We present a case of a 65-year-old woman who lives in rural areas presented with a 1.5×2cm mass in her left breast three months ago. Three months later, the mass increased to 3×3cm and she was admitted to the Sun Yat-sen University Cancer Center. The patient's spirit, appetite and sleep were normal since the discovery of the mass, and there was no significant change in body weight. On initial presentation, her vital signs were as follows: temperature 36.5°C, heart rate 82 beats/min, respiratory rate 18 breaths/min, blood pressure 143/84 mmHg, breathing is stable, lung breathing is clear, the chest was symmetrical, the breasts were symmetrical and there was no local uplift or depression, the skin was not redness, edema and orange skin changes, and the superficial veins of the breast were not dilated, both nipples are at the same level, no nipple invagination observed. Her initial laboratory tests demonstrated a white blood cell (WBC) count of 6.91× 109/L with normal eosinophils, a hemoglobin concentration of 126 g/L, and a platelet count of 296× 109/L.
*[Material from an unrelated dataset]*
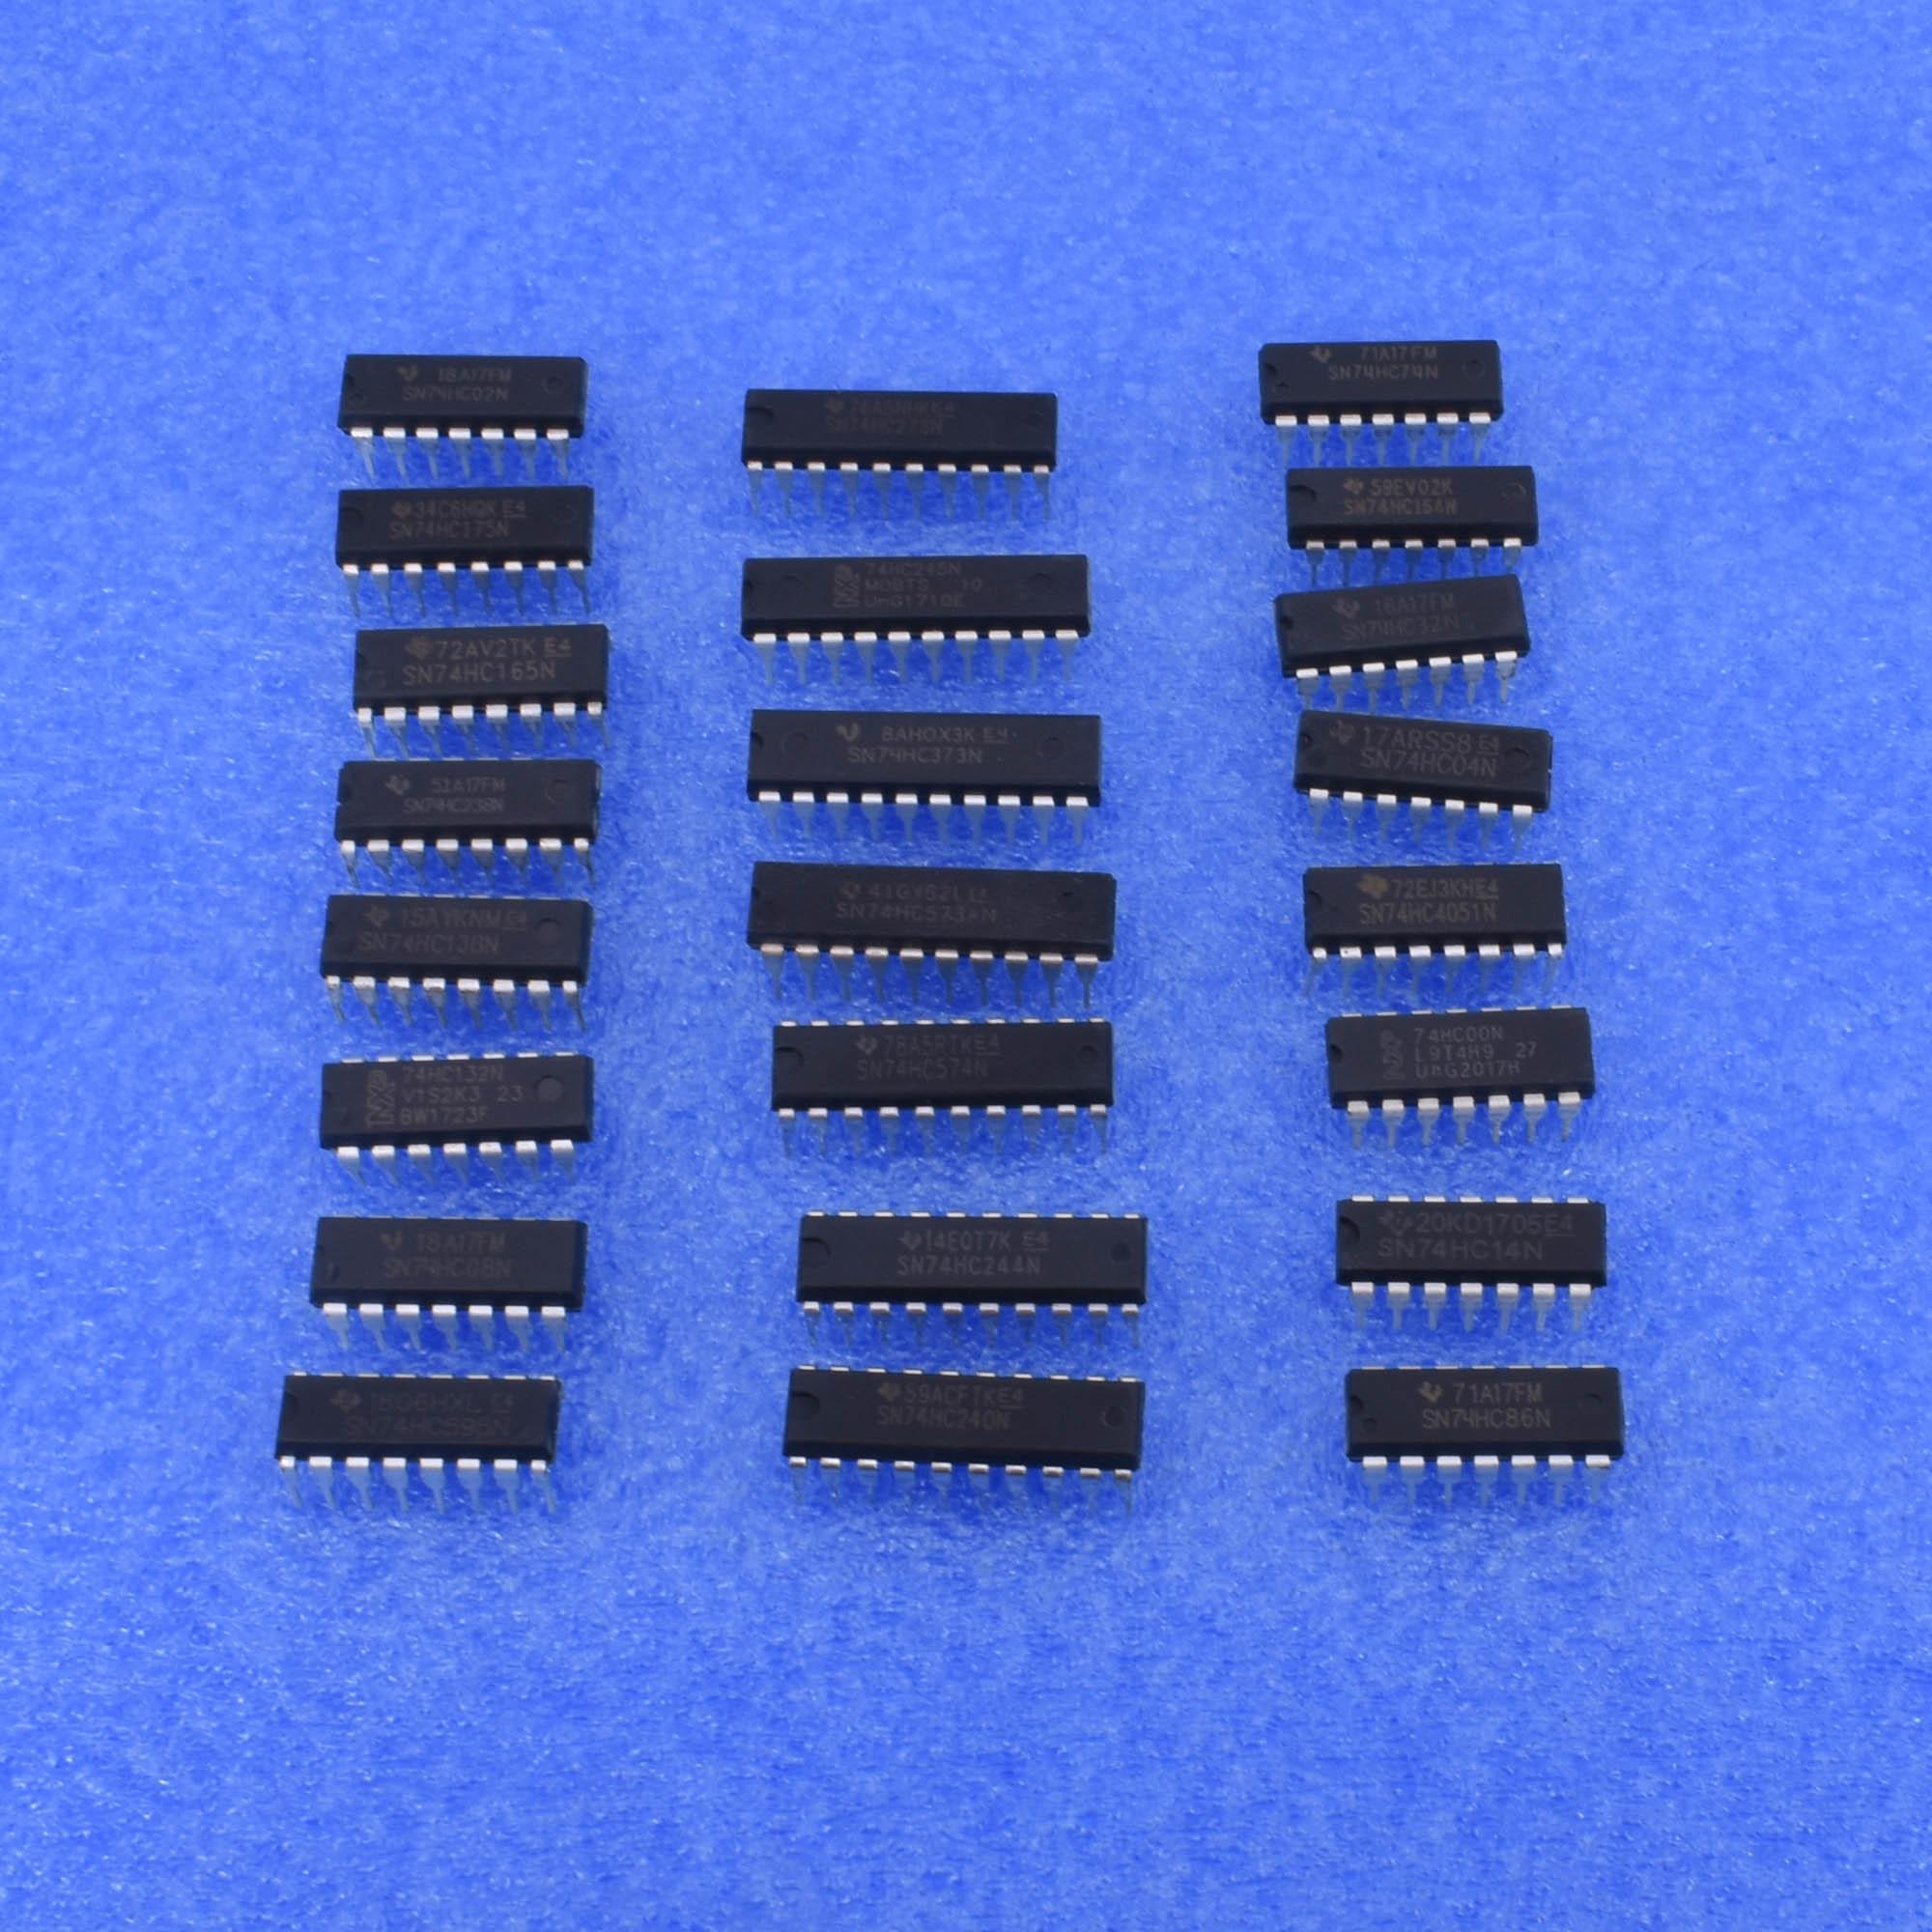 DIP SN74HC00N-SN74HC574N 74HC4051 74HC04N 74HC08N 74HC138N 74HC238N 74HC373N US

A palpable mass was present 8cm from the nipple in the inner quadrant of the patient's left nipple, bout 3×3cm in size, with hard texture, uneven surface, unclear boundary and poor mobility. There was an enlarged lymph node palpable in the left axilla, about 1.5cm in diameter. Breast ultrasonography showed multiple bands with low echo and uneven echo (Fig. 1A). Color doppler flow imaging showed no blood flow signal in the lesion (Fig. 1B). Subsequently, a lumpectomy was carried out and revealed a 30 cm worm.
Histopathological examination of the worm showed tegmental layer, muscle fiber bundles, and the parenchymal tissue (Fig. 2A). Therefore, we diagnosed this case was sparganosis and the worm was Sparganum proliferum. To further verify our diagnosis, we used PCR to identify the cytochrome oxidase subunit 1 (COX1) gene of the worm. Briefly, the genomic DNA of the worm was extracted by HiPure Tissue DNA Mini Kit (Magen, China). The following protocol was conducted to amplify COX1 gene: 95˚C for 5 min, 35 cycles at 95˚C for 50 s, 52 for 50 s, and 72˚C for 50 s, with a final extension at 70˚C for 10 min. The primers were COX1 gene of Spirometra erinaceieuropaei: forward primer: 5′-TTTTTTGGGCATCCTGAGGTTTAT-3′; reverse primer: 5′- TAAAGAAAGAACATAATGAAAATG-3′. Fig. 2B shows the result of the PCR. Genetic sequencing was used to analyze PCR products. After homology searching with the Nucleotide BLAST in the National Center for Biotechnology Information (NCBI) database (http://blast.ncbi.nlm.nih.gov/Blast.cgi). The sequence exhibited 99% homology with Spirometra erinaceieuropaei COX1 gene (Sequence ID: KJ599680.1). The alignments displayed the following: score = 739 bits (400), expect = 0.0, identities = 408/411 (99%), gaps = 3/417 (0%), and strand = Plus/Minus. These data indicated that the worm was Sparganum proliferum.